Comment by Michael Taylor — June 27, 2005 @ 12:48 pm
It is generally assumed that Robert Novak cooperated with the prosecutor in some capacity. Its impossible to know for sure since grand jury proceedings remain secret.
Comment by Liz — June 27, 2005 @ 5:47 pm
The easy answer is, the entire investigation has been politically motivated from the start and Novak happens to root for the right team. The harder answer is that we don’t know what Novak said to investigators behind closed doors or in deposition, and that information is unlikely to be published any time soon given the nature of the problem. He may have sung like a canary, in which case he’d be scot free.

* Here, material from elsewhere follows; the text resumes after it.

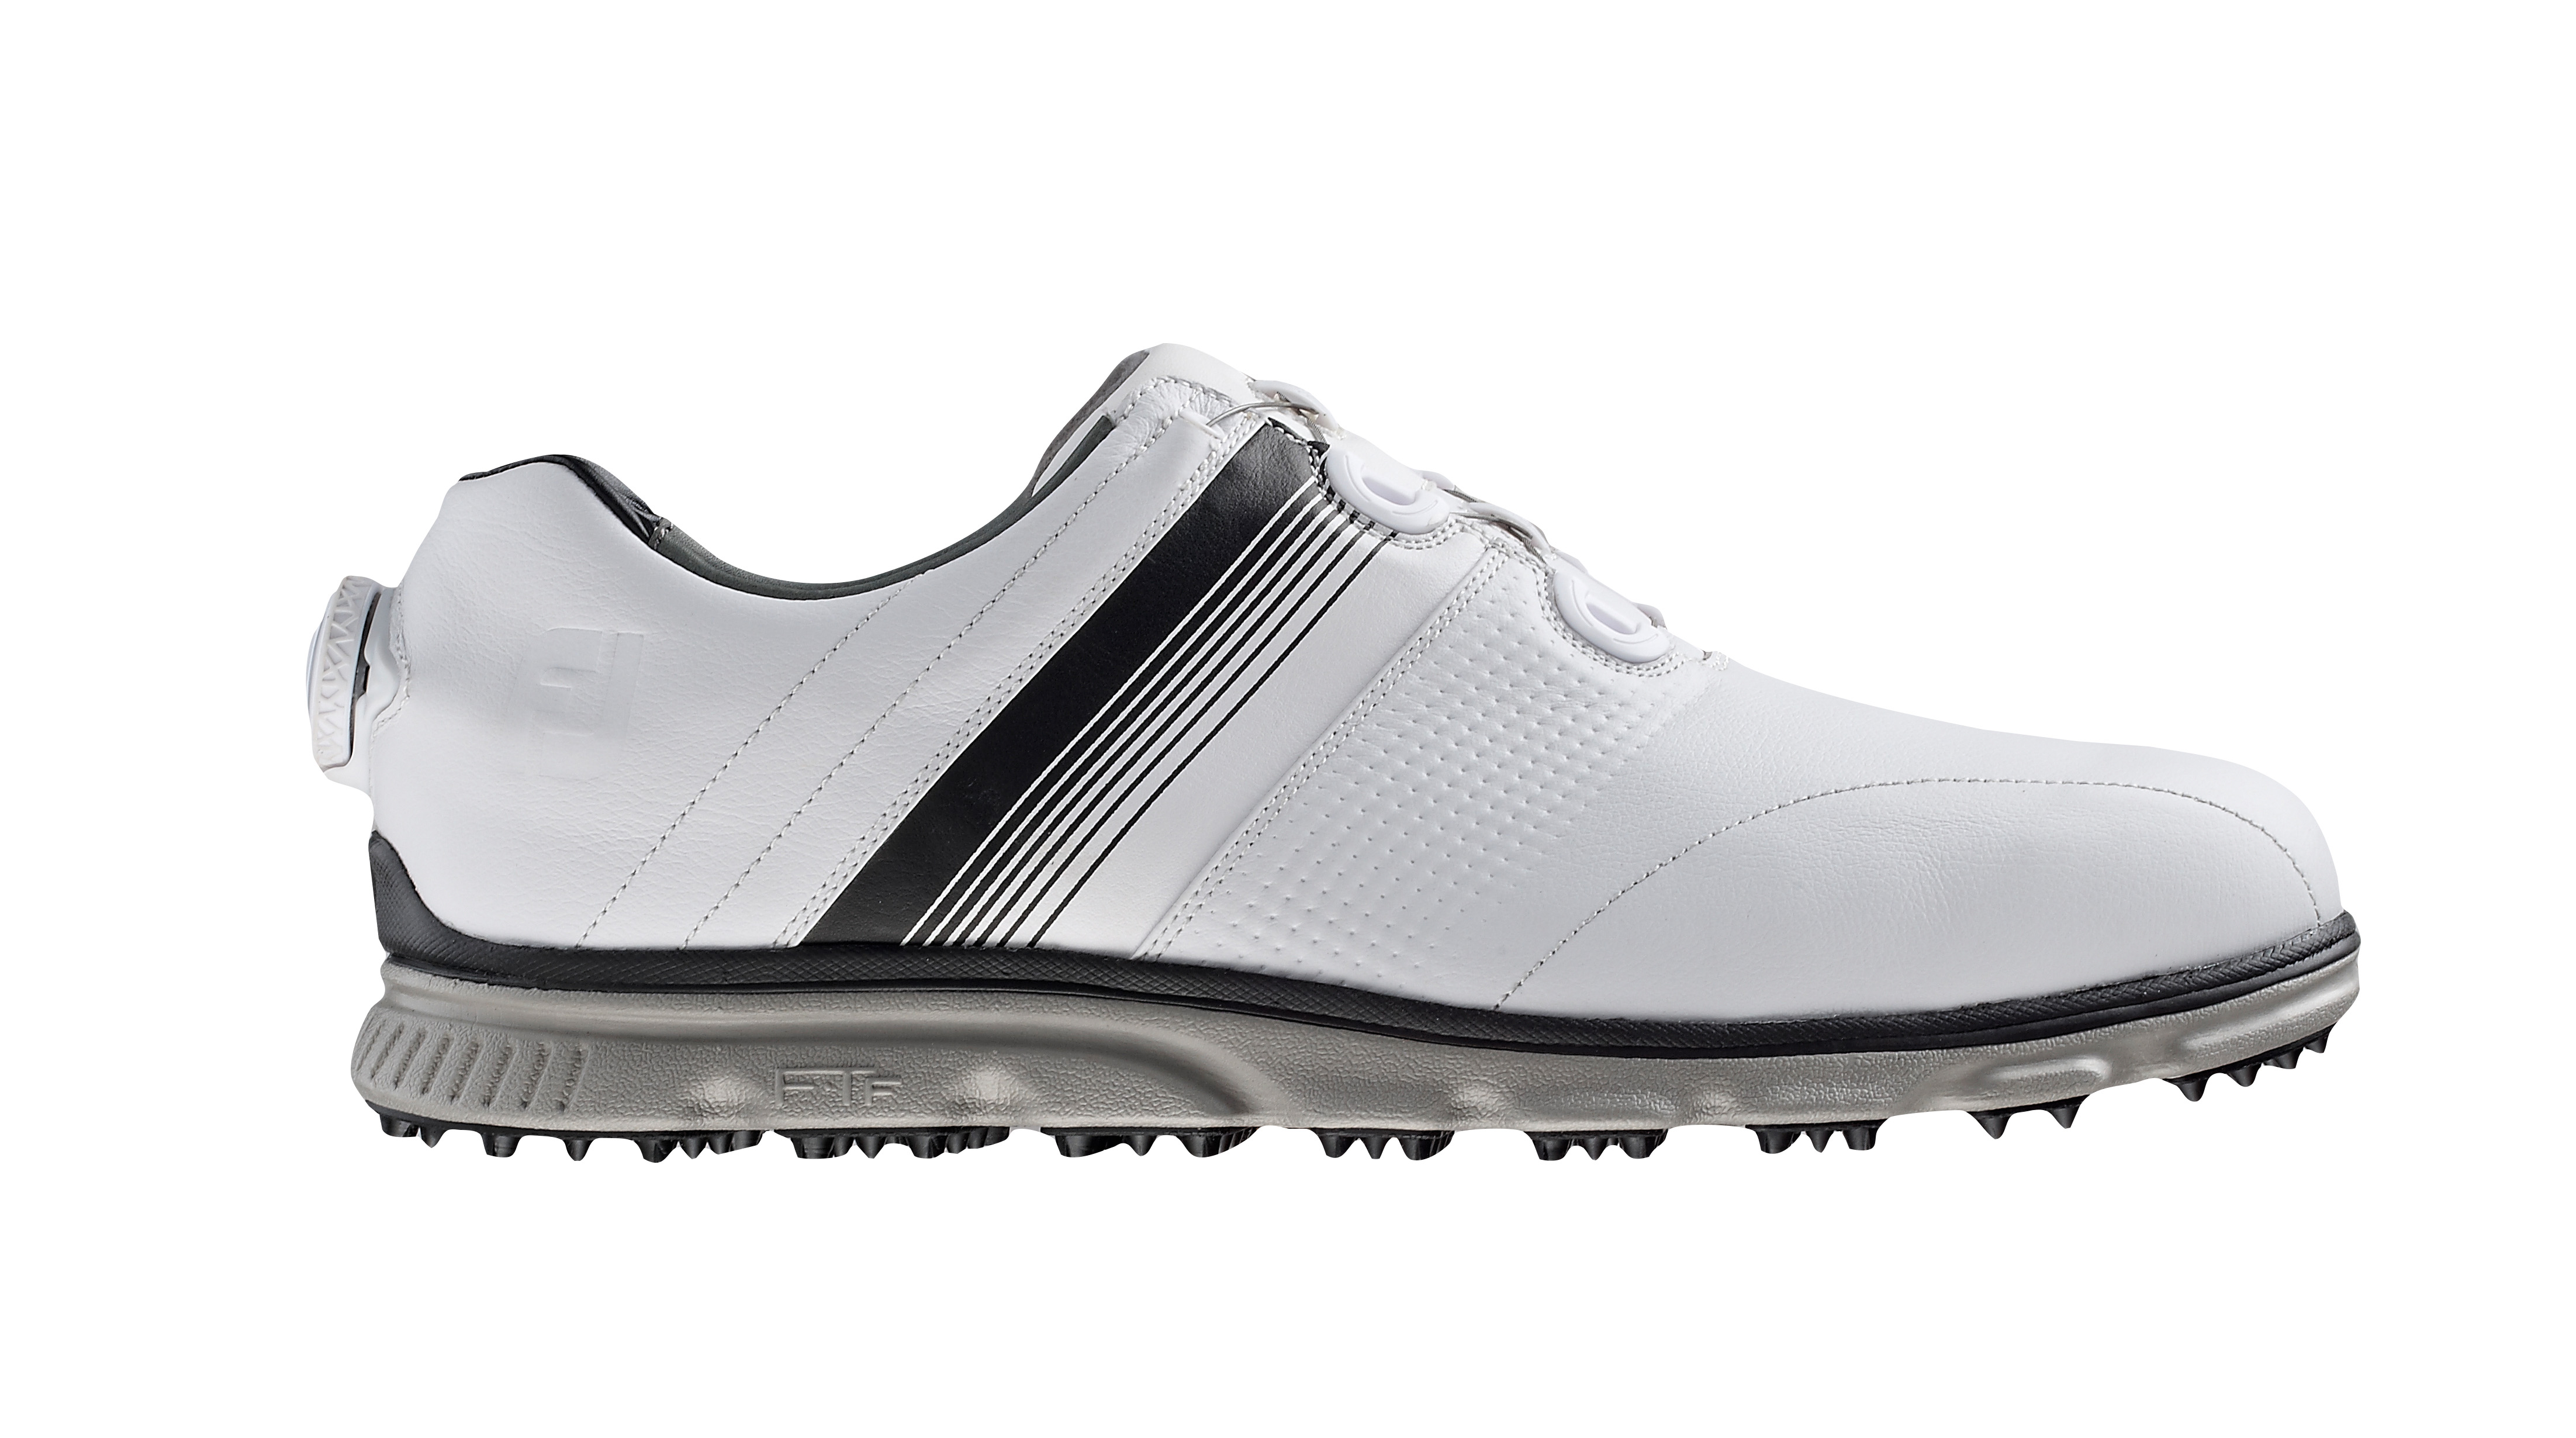 New DryJoys Casual has BOA Closure System for first time

Grokster and the Ten Commandments are going to get all the press and noise today but I think this is a much more important, and disturbing, development than either of those cases. It will make it far more difficult for honest reporters to act as muckrakers because few people will be willing to give reporters information when the reporter can later be subpoenaed and ordered to give up the name of the source. That this comes so soon after the revelation of Deep Throat is particularly ironic.

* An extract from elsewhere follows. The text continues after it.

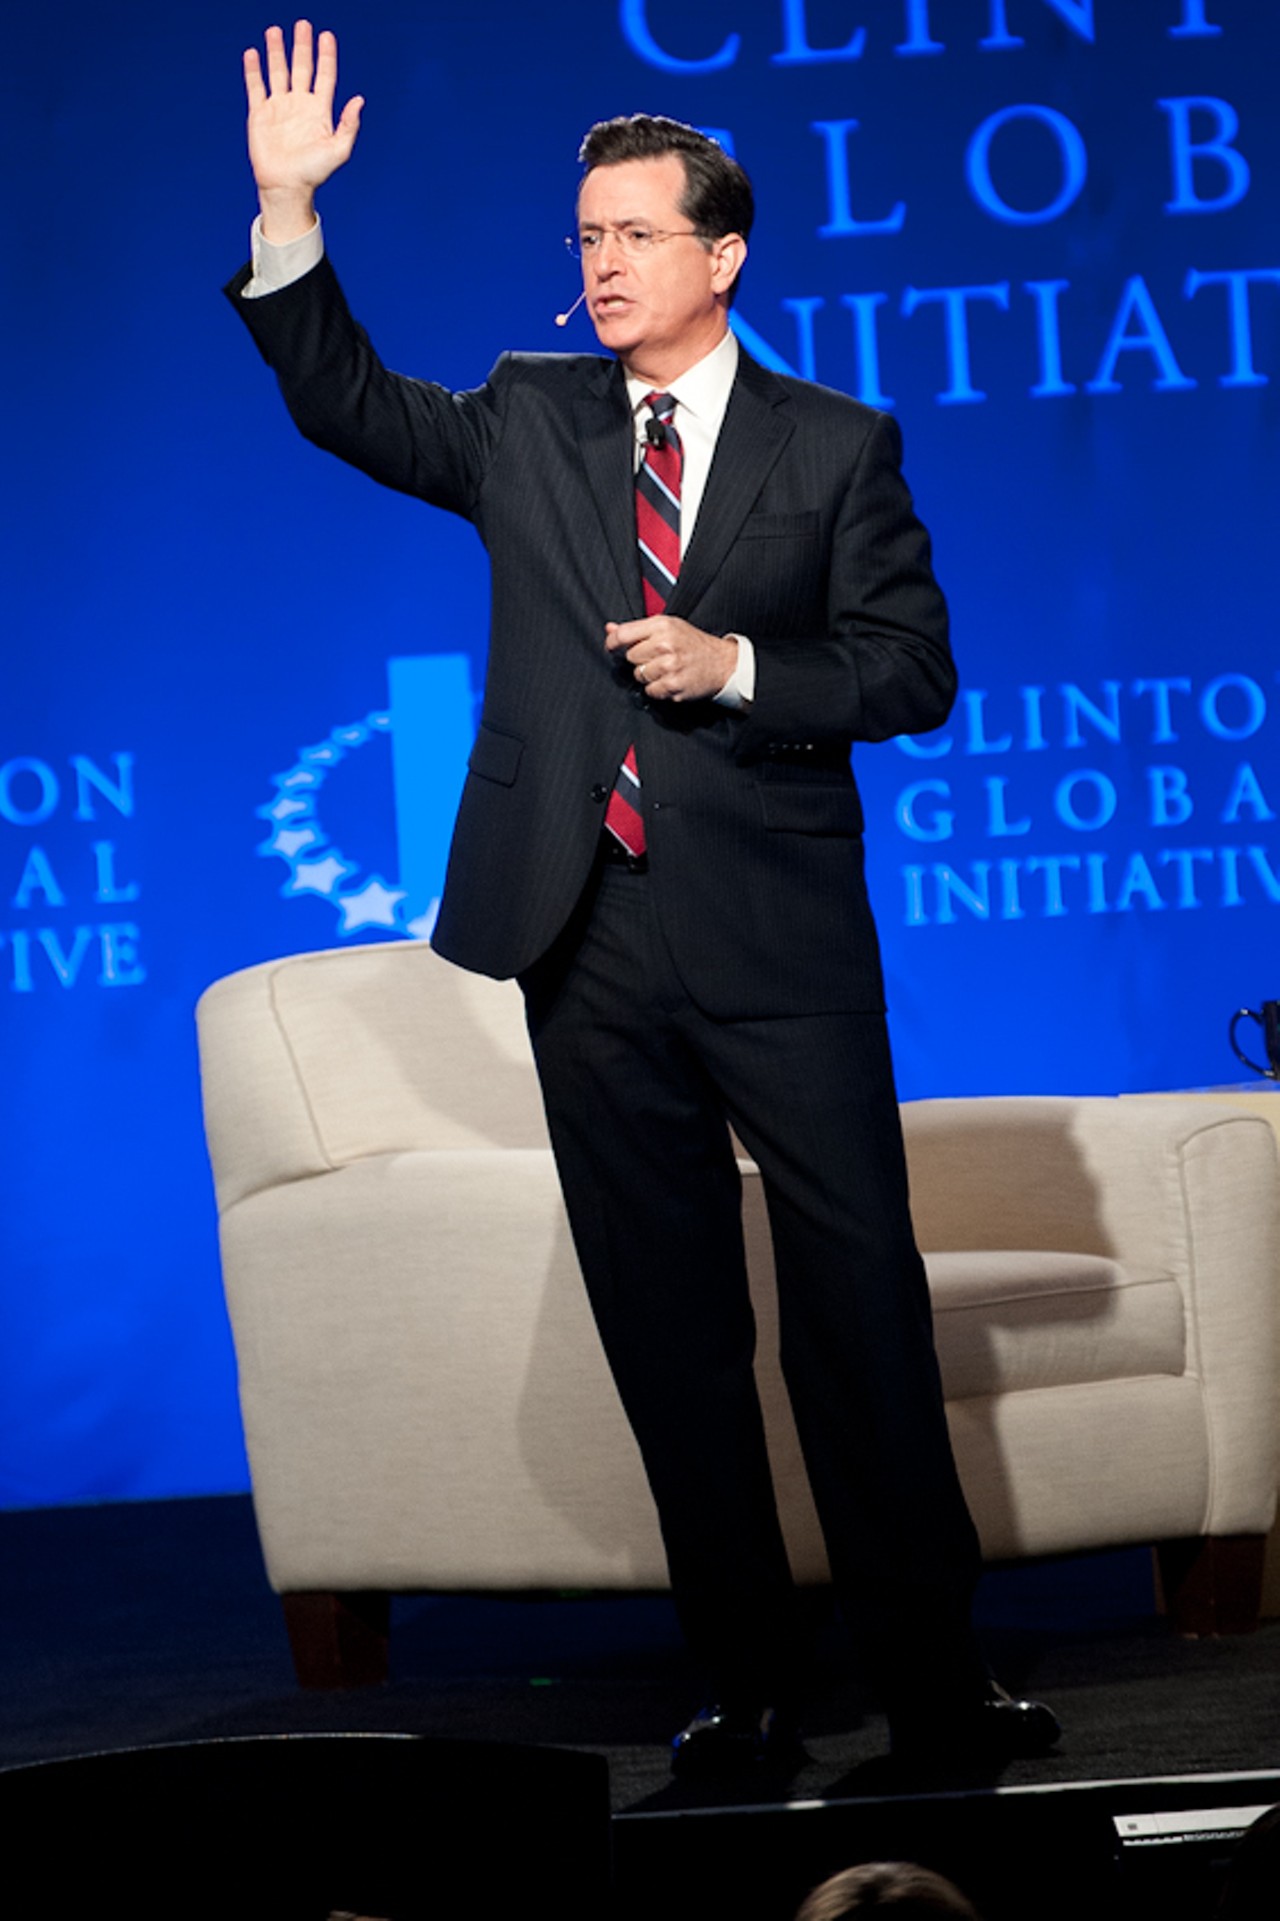 "Show of hands. Who's hasn't hooked up at CGI U?" - Stephen Colbert

Comment by Matthew Smith — June 27, 2005 @ 6:17 pm
Maybe you should mention that publicizing the name of an embedded undercover agent is a federal offense that endangers their life and the lives of all of their contacts, and completely ruins any missions any of these people were working on, possibly costing us billions of dollars and exposing the country to greater risk? ’cause that seems important.
Comment by RanDomino — June 27, 2005 @ 6:57 pm
My apologies for what might by a silly question from a newcomer (and non-lawyer), but I remember that one opinion from the appellate level had several pages redacted concerning the testimony itself. I’m assuming that the justices had the opportunity to review such text prior to ruling on cert? Or would even they only be able to read it had they granted cert?
It would seem that this text would be the central element in even deciding whether this case is worth review, since even Branzburg seemed to allow for circumstances in which a prosecutor sought to harass a reporter (e.g., if this were “politically motivated”).